The Ragni EP release was only four songs. Karl didn’t work on the music directly, but he certainly influenced it, offering some critical suggestions in the mixing phase, as I recall. It was around that time that I spoke to him about the packaging for the physical release, the CD. I really wanted a visual component to act as a doorway into the sonic world of the album, so listeners could “see” where we were going with the songs. Karl chose to loosely adapt the third track, “The North Sea Epoch,” perfectly capturing the tone of the song and the album in a loose-line style under silky ink washes. Looking at it now, it could almost be a side chapter of Isola! Perhaps we should revisit it down the road…
As well as performing live with the Ragni band to a moving picture show of comic images from the novella, we published the story online way back in 2007 as part of the Transmission-X project, along with Karl’s Abominable Charles Christopher and weekly strips from a host of other future comics superstars (Cameron Stewart, Ramon Perez, Andy Belanger, Michael Cho, Scott Hepburn to name a few!) The site has been offline for a few years now, but it was interesting to see how readers felt about discovering the music as a soundtrack for a comic they’d read online, as opposed to experiencing both aspects of the project simultaneously through the CD packaging or our live shows.
That was a musical project that had a comic element, and now Isola is a comic project with musical elements—issue two features Rook and an unnamed character singing the same ballad. And it’s not your first cross-pollination: you recorded two EPs for Black Canary. How do you successfully incorporate musical themes into comics using visuals alone?
It should’ve been easier with Black Canary, as it was a story about a superhero joining a rock band. Turned out to be tougher than I’d thought, as neither my collaborator, Annie Wu, or I wanted to go the traditional route of using notation and/or lyrics to suggest sound on the comics page. Thankfully, Annie’s a genius and along with our colorist, Lee Loughridge, we attempted to come up with a new visual language for the feeling of music and the power of sound. Creating actual music to go along with the series with my old producer/bandmate, Joseph Donovan, was the easy part. (Just kidding!! Joseph worked his butt off on those songs, and they’re AMAZING! Please give them a listen if you get a chance!)

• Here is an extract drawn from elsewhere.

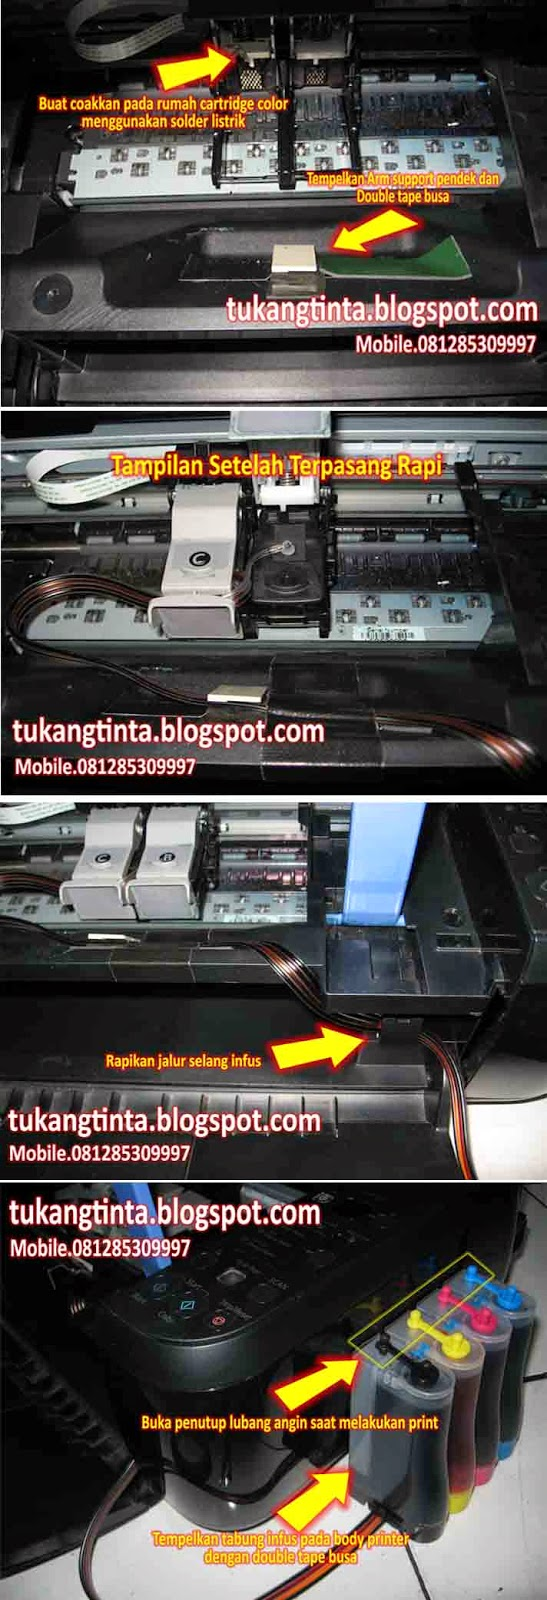 Pusat Modifikasi Printer Infus Cara Pasang Instalasi Selang 4 Jalur Http Step 2 Lanjut Pada Body Depan
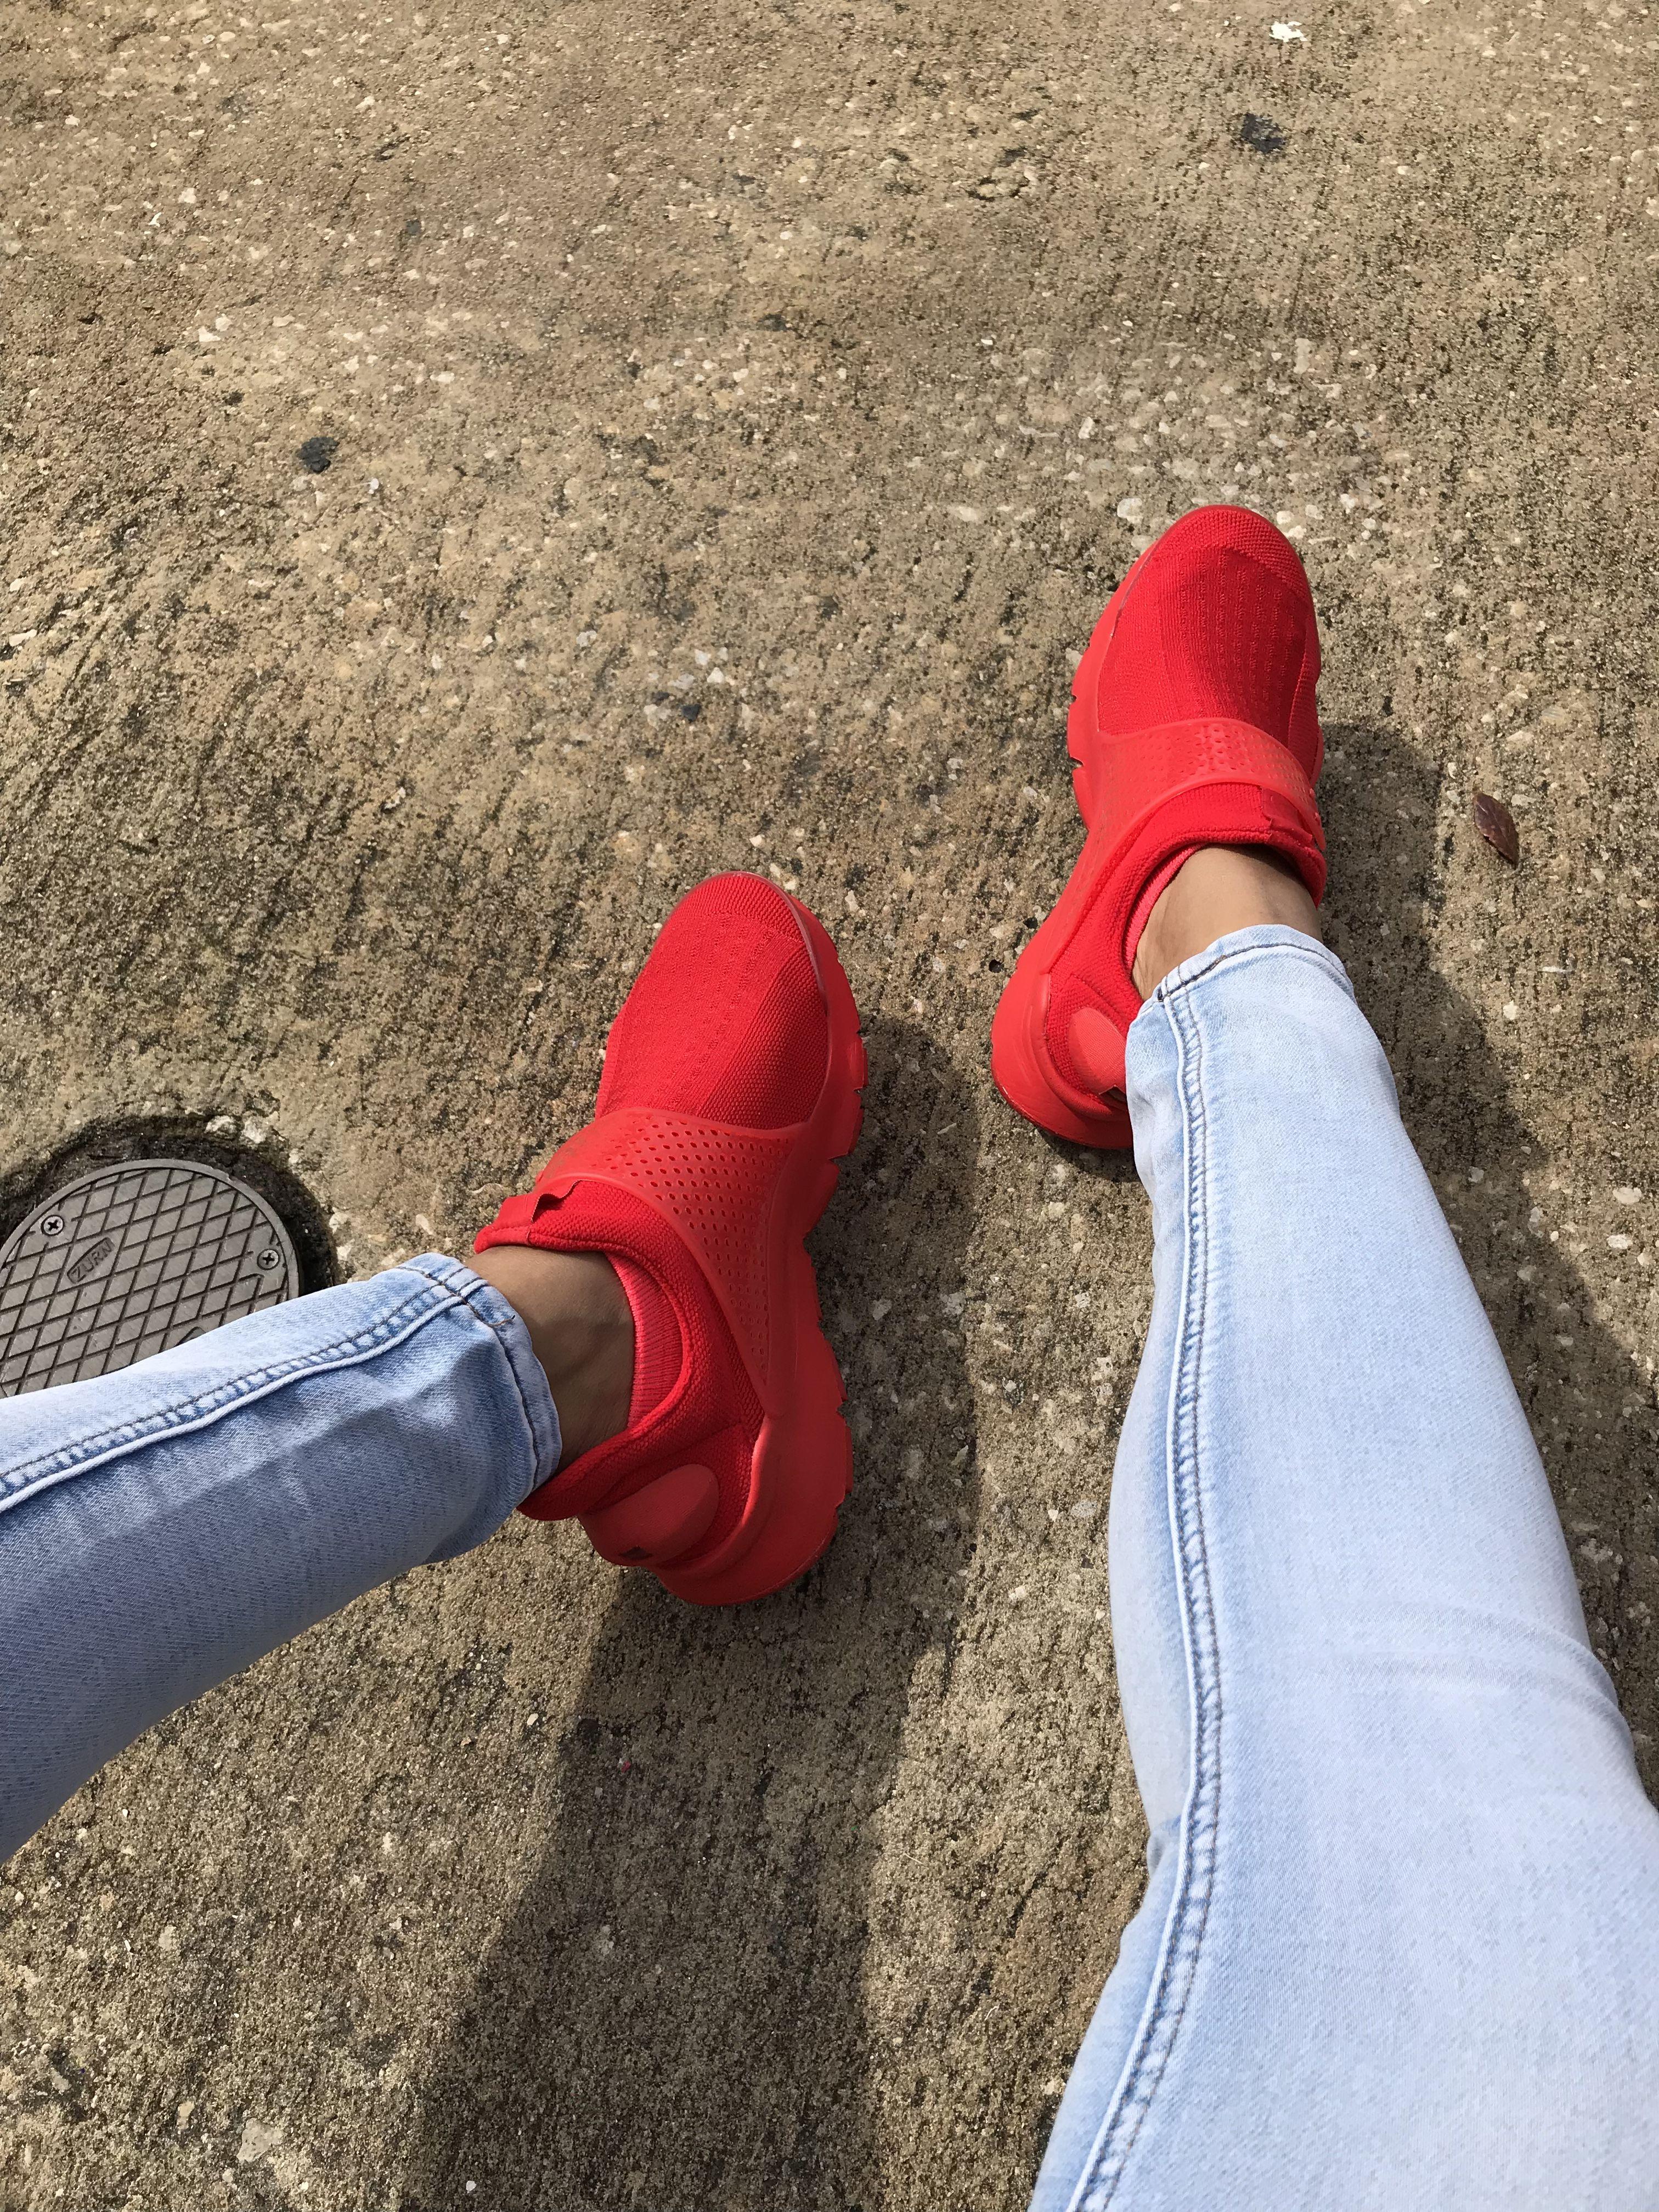 nike sock darts | Shoes, Sneakers, Sock

In the Black Canary series, Lee would use color to suggest themes, and we’re doing something like that in Isola as well. Where in a film you’d hear a character’s leitmotif every time they walk on screen, you’ll note in Isola that Michele Assarasakorn (MSassyK) uses particular colors to directly suggest certain characters or elements of the story.
We’re also attempting to deal directly with sound in a different way in Isola. We don’t want the reader to get bogged down in the exact spelling or potential meaning of Western-style onomatopoeia, so we instead use invented symbols to evoke the feeling of sound on the page. Karl incorporates them into the art, making them integral to the reading experience.
Karl and our letterer, Aditya Bidikar, are inventing new symbols and visual languages nearly every issue to suggest some new part that sound and music might play in the world of Isola. They’re doing really remarkable work on this series!
Are there any plans to record any companion music for Isola?
I hope we can record some music for Isola. Even just a theme song. I have a lot of ideas but little time to crack into it. Sure, I could hand it off to someone else to do, but what fun would that be? Hahaha!
Isola #5 is out now with Isola Vol. 1 releasing on October 30, 2018.